To provide context for the invention Figure 1 shows a prior art support system for an accumulator 10 of a high-pressure pump 1. The prior art support system comprises a pair of supporting wave spacer rings 2, 4 located together with the accumulator 10 in an auxiliary chamber 5 (also commonly known as a damper cup) of the high-pressure pump 1.

As is well known in the art, the accumulator 10 is supported by wave spacer rings 2, 4 substantially in the centre of fuel space 6 of the auxiliary chamber 5. The top wave spacer ring 2 is located between a top surface of the accumulator 10 and the roof 11 of the auxiliary chamber 5, and the bottom wave spacer ring 4 is located between a bottom surface of the accumulator 10 and the top surface 7 of the top portion 9 of the high-pressure pump 1. The top surface 7 of the top portion 9 of the high-pressure pump 1 forms a base of the auxiliary cylinder 5. An sidewall 13 extends between the roof 11 of the auxiliary chamber 5 and said top surface (or base) 7.

The prior art accumulator 10 is substantially circular in plan view and the wave spacer rings 2, 4 are substantially ring shaped in plan view. The wave spacer rings 2, 4 each comprise a wave formation comprising three peaks (which may also be referred to as crests) and three troughs.

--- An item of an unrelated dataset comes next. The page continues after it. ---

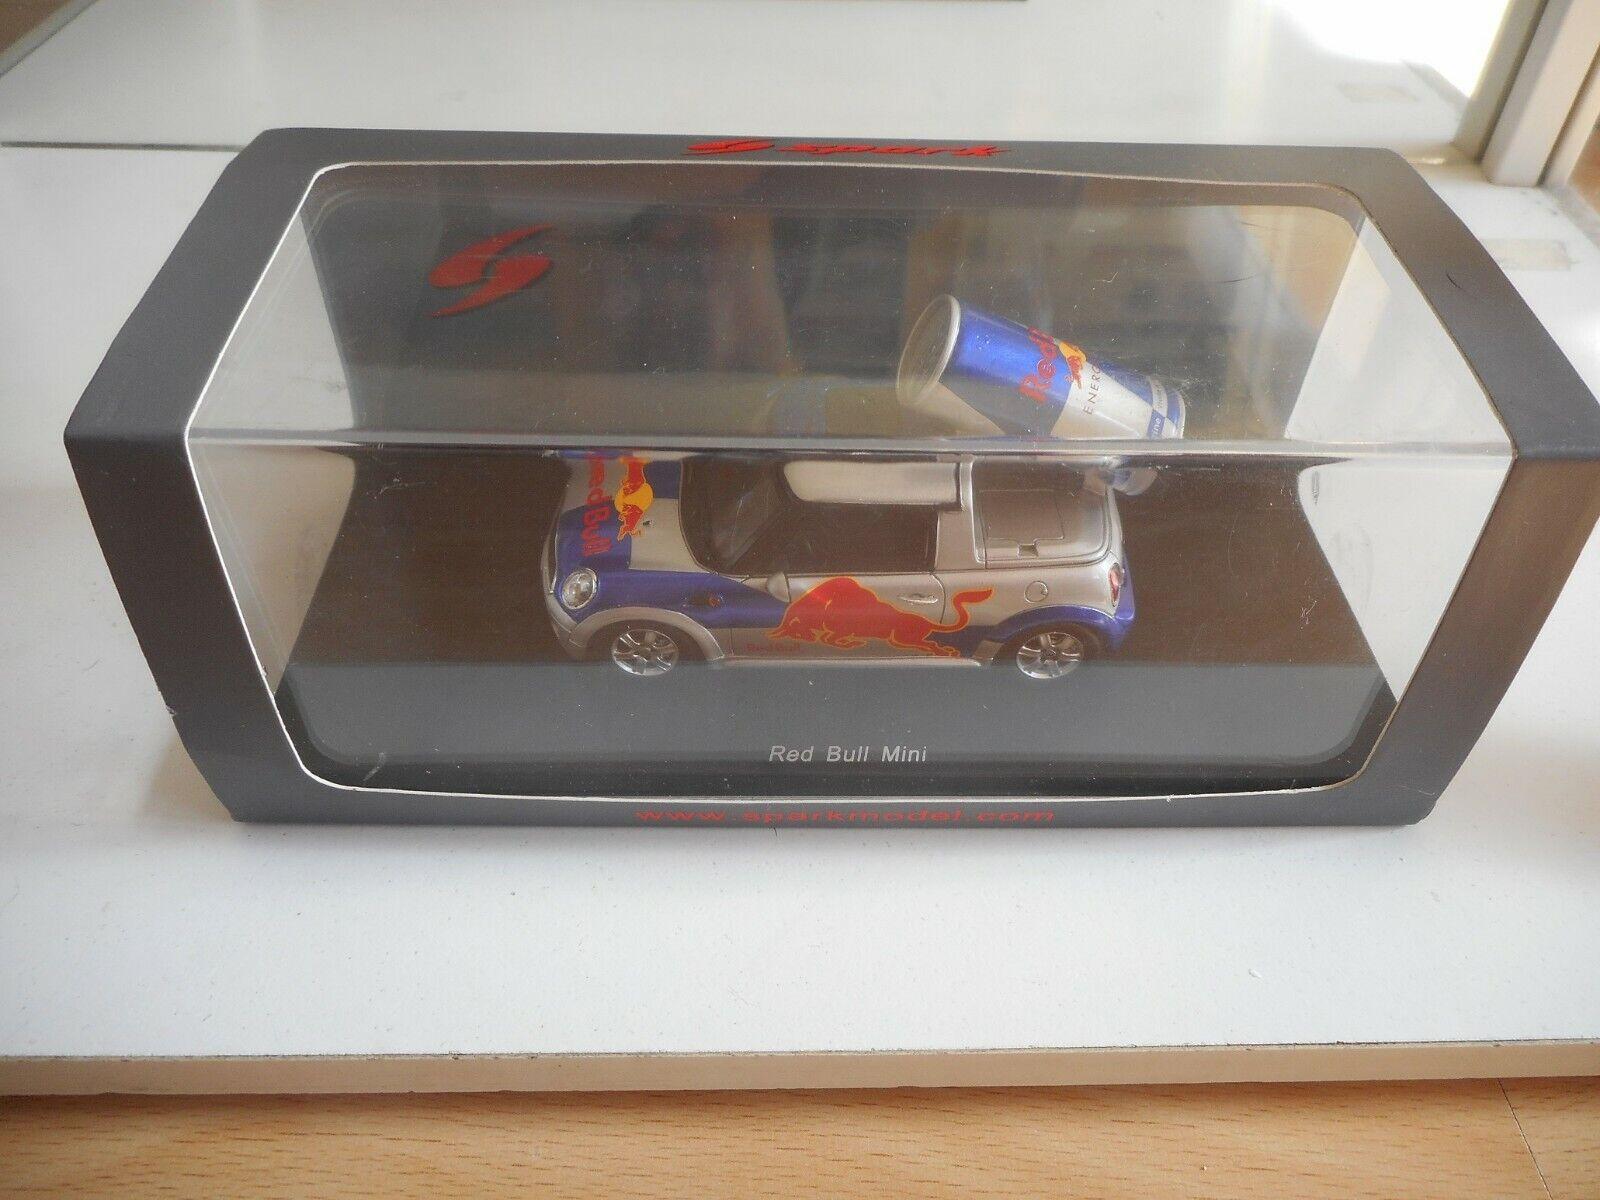 Spark Mini Cooper rosso Bull in grigio blu on 1 43 in Box

When installed together with the accumulator 10 in the auxiliary chamber 5, the top wave spacer ring 2 contacts a top surface of a peripheral rim 12 of the accumulator 10, and the bottom wave spacer ring 4 contacts a bottom surface of the peripheral rim 12 of the accumulator 10. The wave spacer rings 2, 4 are resiliently deformed when installed in the auxiliary chamber 5 so that the accumulator 10 is firmly held and pre-stressed by the wave spacer rings 2, 4.

In another embodiment of the prior art, the accumulator 10 may be held in place between one wave spacer ring 2, 4 and a formation in the sidewall 13 of the auxiliary chamber 5 which engages with one side of the accumulator 10. The formation may, for example, be an indent or shaped profile in the sidewall 13 of the auxiliary chambers.

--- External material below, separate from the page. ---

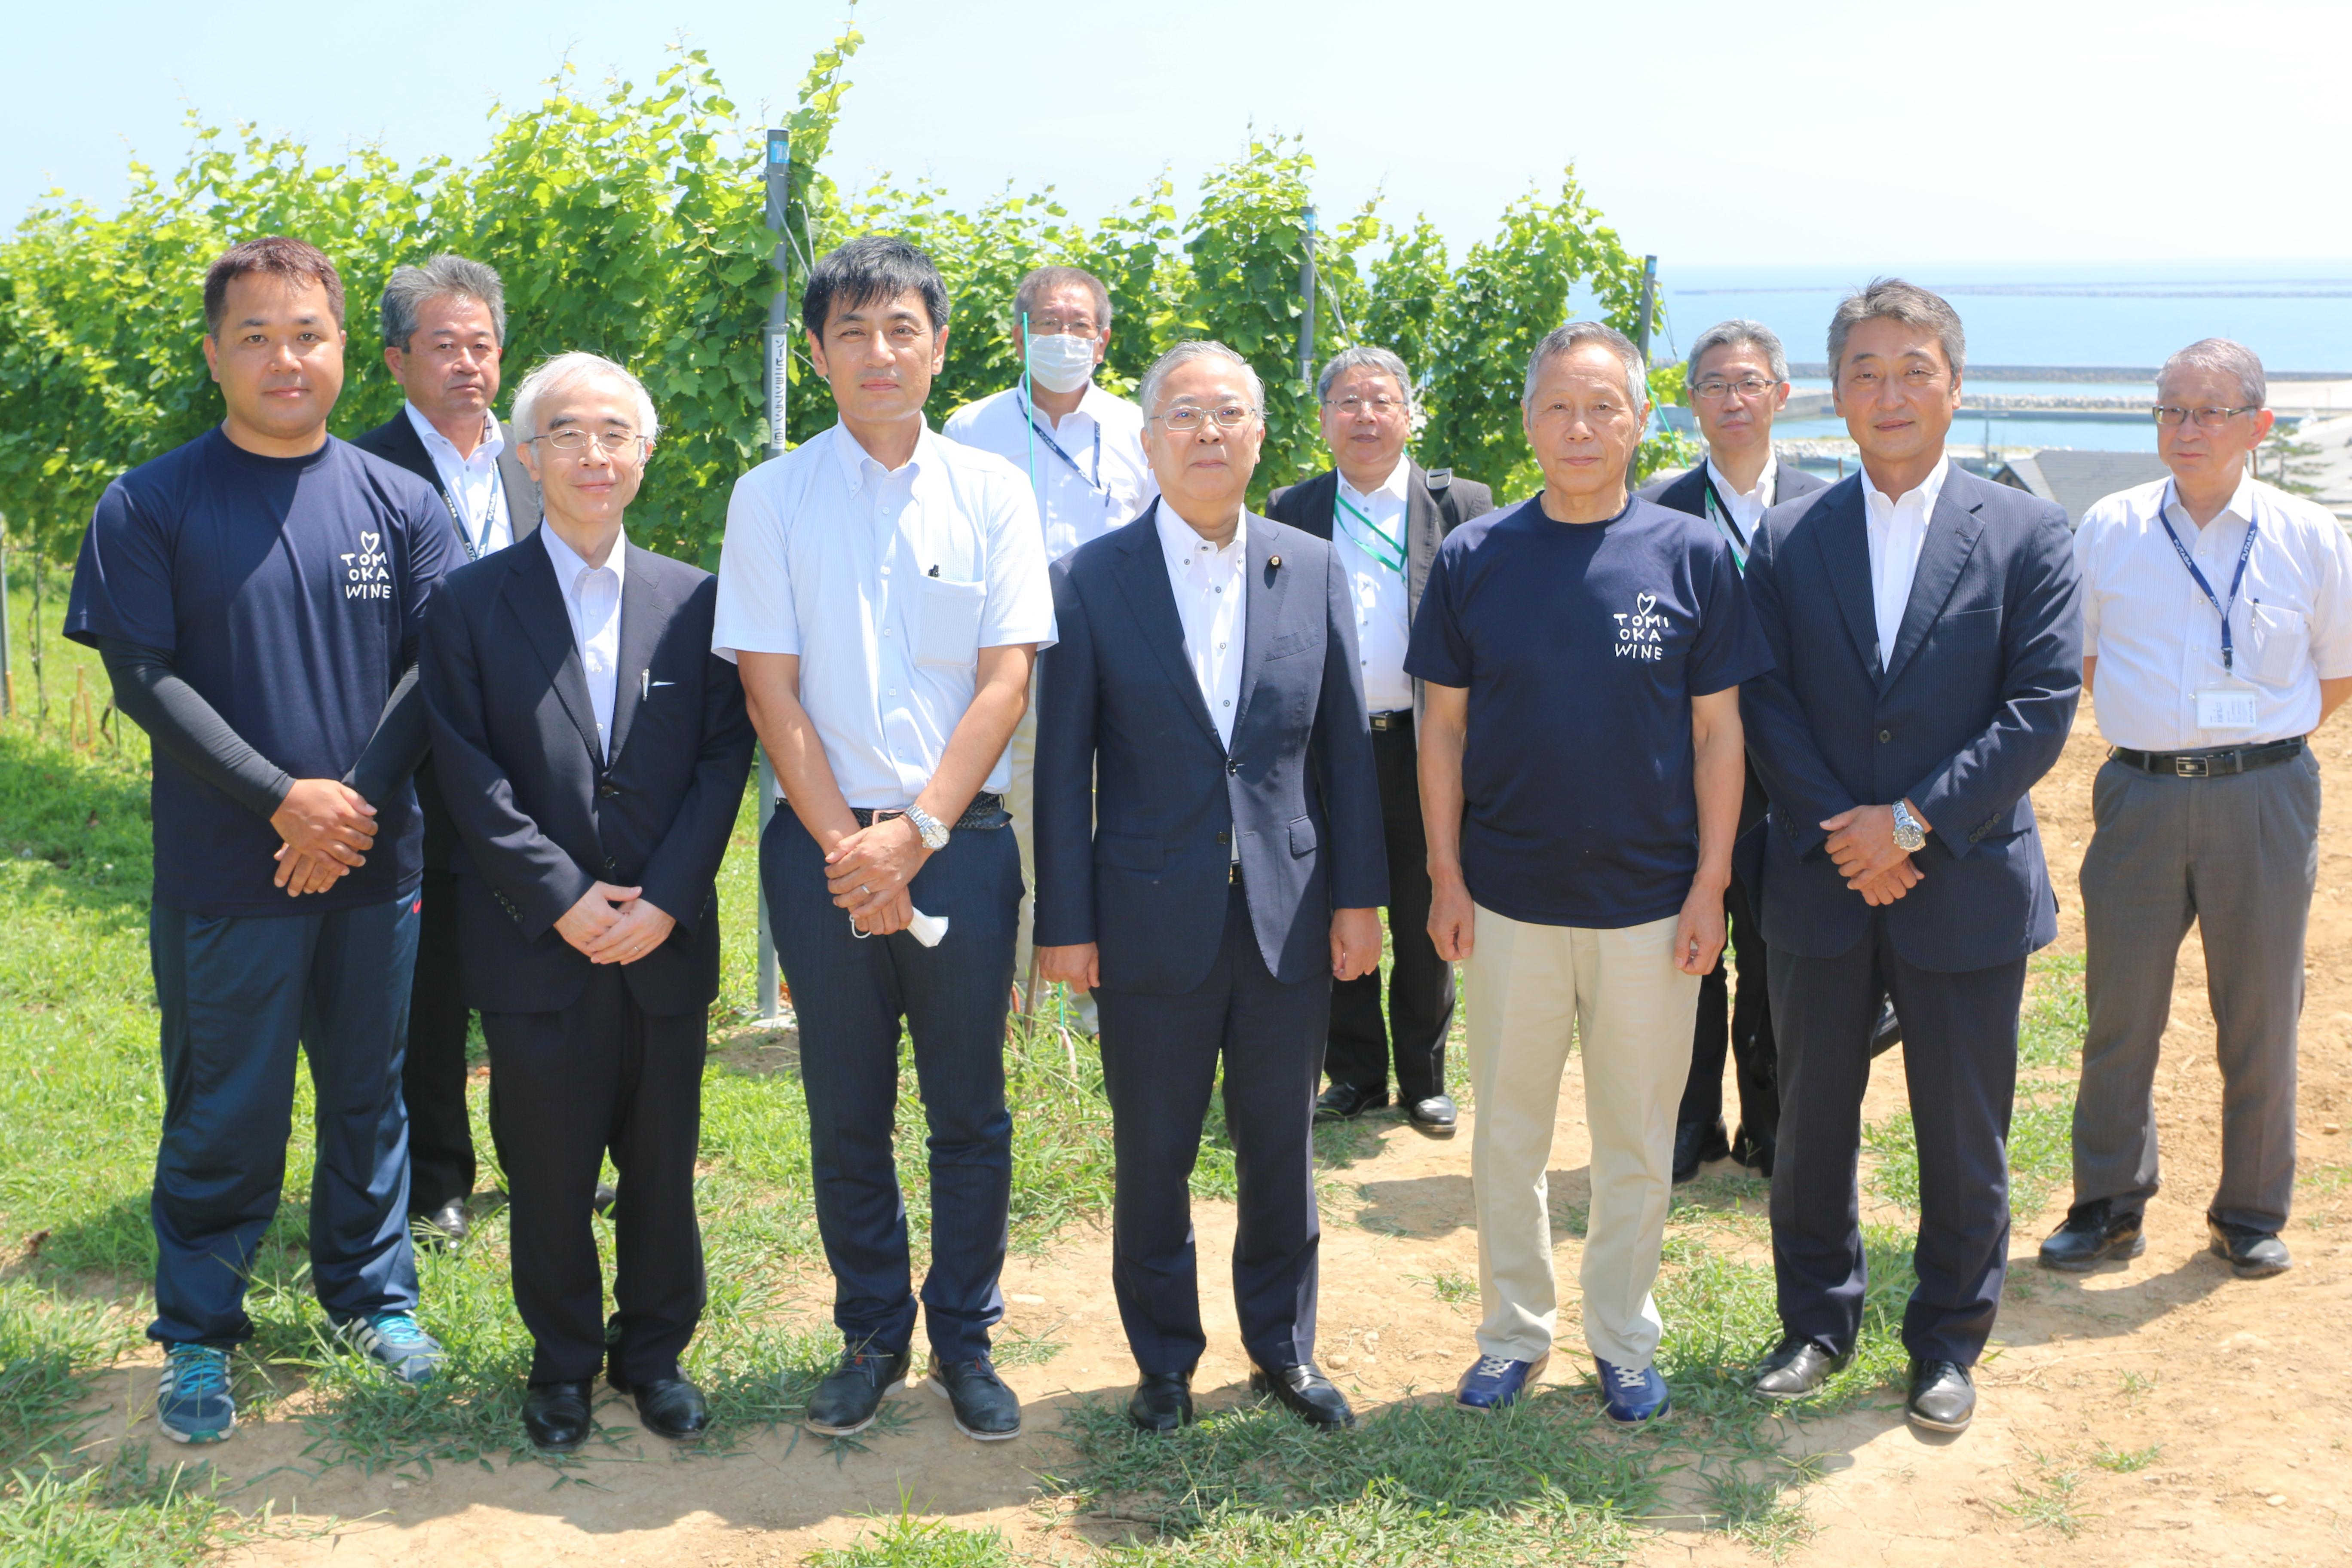 横山復興副大臣が来社されましたの画像

Figure 2a shows a schematic isometric view of a prior art accumulator 10 located within an auxiliary chamber 5, and Figure 2b shows a schematic plan view of the prior art accumulator 10. As shown in Figure 2a, the prior art accumulator 10 is located within the auxiliary chamber such that a main plane 8 of the accumulator (which intersects the outermost periphery 16 of the accumulator 10) is orientated at substantially 90° to the sidewall 13 of the auxiliary chamber 5. It will be understood that because the accumulator 10 shown in Figure 2a is a schematic representation of an accumulator represented as a cylinder, the top surface of the accumulator 10 shown in Figure 2a is a plane 8 which intersects the outermost periphery 16 of the accumulator 10. This would be true of any parallel plane located between the top and bottom of the accumulator 10, and any of these planes may be referred to as a main plane of the accumulator 10. The 90° angle is shown in Figure 2a relative to the top surface of the schematic accumulator 10 for simplicity.

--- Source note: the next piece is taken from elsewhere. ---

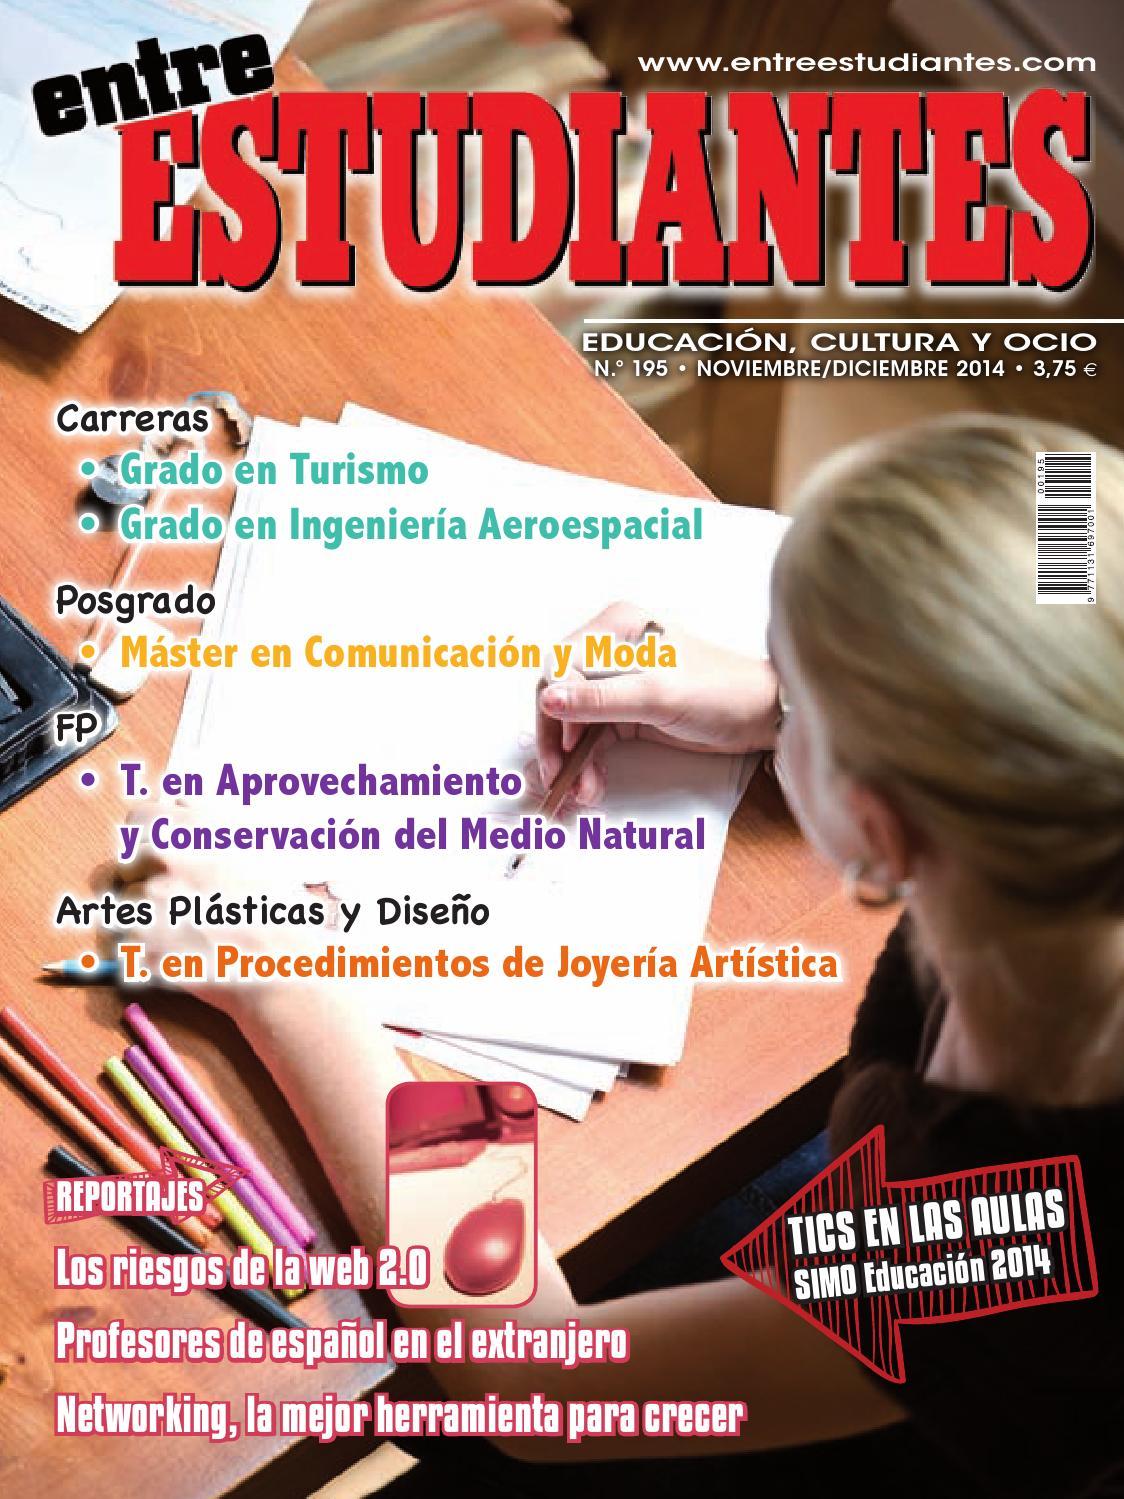 Entre Estudiantes - 195 by Peldaño - issuu

Since the accumulator 10 shown in Figure 2a is schematically represented as a cylinder, no projecting rim 12 is shown. It will be understood that the accumulator 10 may comprises a rim 12. In such cases, the main plane of the accumulator 10 is a plane which intersects the outermost periphery 16 of the accumulator 10 at its largest point on the rim.

Figure 2c shows a schematic isometric view of an accumulator 20 according to the invention located within an auxiliary chamber 5, and Figure 2d shows a schematic plan view of the accumulator 20. As shown in Figure 2c, the accumulator 20 is located within the auxiliary chamber 5 such a main plane 18 of the accumulator 20 (which intersects the outermost periphery 26 of the accumulator 20) is orientated at an acute angle 0 with respect to the sidewall 13 of the auxiliary chamber 5. It will be understood that because the accumulator 20 shown in Figure 2a is a schematic representation of an accumulator represented as a simple projection of an ellipse, the top surface of the accumulator 20 shown in Figure 2c is a plane 18 which intersects the outermost periphery 26 of the accumulator 20. This would be true of any parallel plane located between the top and bottom of the accumulator 20, and any of these planes may be referred to as a main plane of the accumulator 20. The acute angle 0 is shown in Figure 2c relative to the top surface of the schematic accumulator 20 for simplicity.

Since the accumulator 20 shown in Figure 22 is schematically represented as a simple projection of an ellipse, no projecting rim 12 is shown. It will be understood that the accumulator 20 may comprises a rim 12. In such cases, the main plane of the accumulator 20 is a plane which intersects the outermost periphery 26 of the accumulator 20 at its largest point on the rim.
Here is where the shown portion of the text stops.